The Australian Patent Office has commenced a public consultation on their proposed changes to examination practice, as a result of the recent High Court decision in D’Arcy v Myriad Genetics Inc¹.

As reported in our earlier blog² the High Court unanimously decided that claims directed to an isolated nucleic acid coding for mutant or polymorphic BRCA1 polypeptide were not patentable subject matter.

Based on the High Court’s judgment, the proposed changes exclude from patent protection claims to the following:

  • Naturally occurring (human) nucleic acid sequences encoding polypeptides or functional fragments thereof – either isolated or synthesised
  • Naturally occurring (non-human) nucleic acid sequences encoding polypeptides or functional fragments thereof – either isolated or synthesised
  • cDNA
  • Naturally occurring human and non-human coding RNA – either isolated or synthesised.

Whilst there had been concern that the High Court’s judgment would have implications for the patentability of naturally occurring materials more generally, it is clear from the proposed changes that this is not the case.  In this regard, the Patent Office proposes that all of the following will remain patentable subject matter.

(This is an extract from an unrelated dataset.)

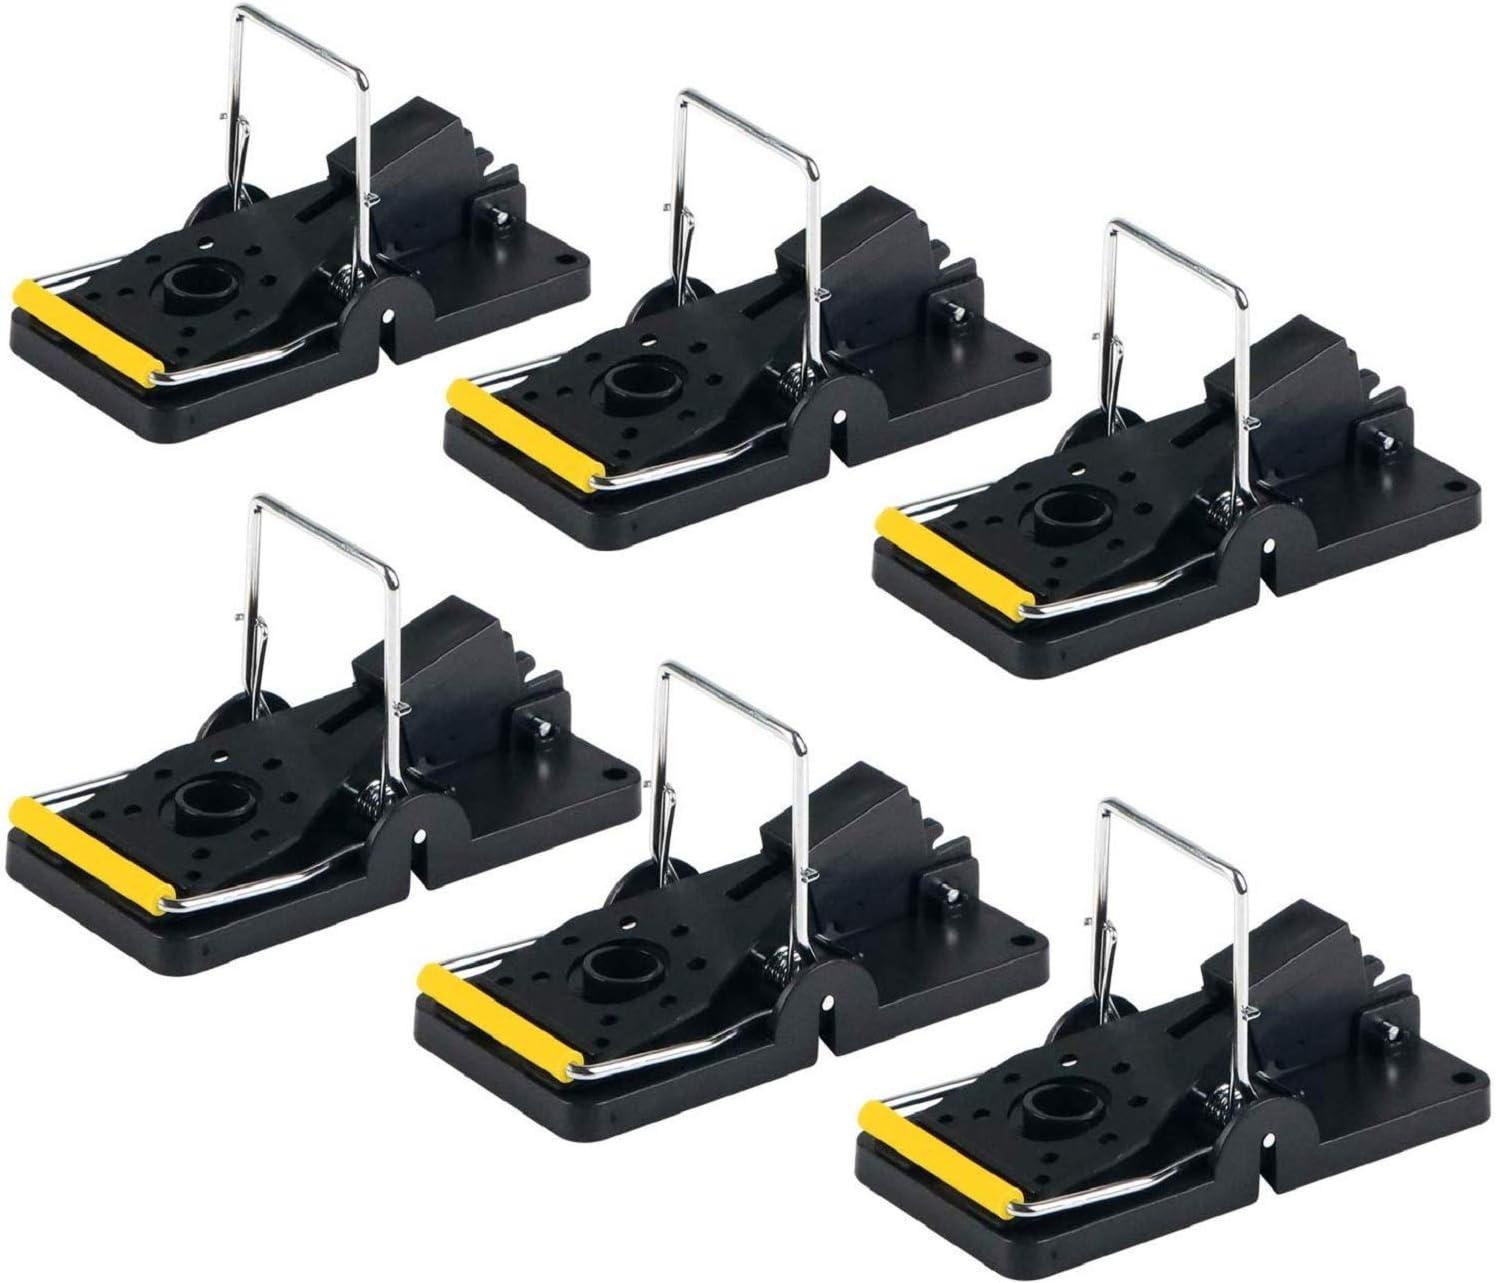 ASPECTEK Trampa para Ratones, Trampas a Presión Reutilizables de Fácil Instalación, Paquete de 6, Interior, Plástico, Negro

  • Naturally occurring isolated regulatory DNA (e.g. promoters, enhancers, inhibitors, intergenic DNA)
  • Isolated non-coding (e.g. “Junk”) DNA
  • Isolated non-coding RNA (e.g. miRNA)
  • Naturally occurring isolated bacteria
  • Naturally occurring isolated virus
  • Isolated polypeptides
  • Synthesised/modified polypeptides
  • Isolated polyclonal antibodies
  • Chemical molecules purified from natural sources (e.g. new chemical entities, antibiotics, small molecules)
  • Isolated cells
  • Isolated stem cells
  • Probes
  • Primers
  • Isolated interfering/inhibitory nucleic acids (e.g. antisense, ribozymes)
  • Monoclonal antibodies
  • Fusion/chimeric nucleic acids
  • Transgene comprising naturally occurring gene sequences
  • Vectors/microorganisms/animals/plants comprising a transgene

Interested parties have until 6 November 2015 to lodge comments on the proposed changes.  Comments can be sent to the secretariat for the Patents Consultation Group at mdb-patents-consultation-group@ipaustralia.gov.au.

Examination of applications having claims that are impacted by the High Court’s decision will be placed on hold pending finalisation of the proposed changes.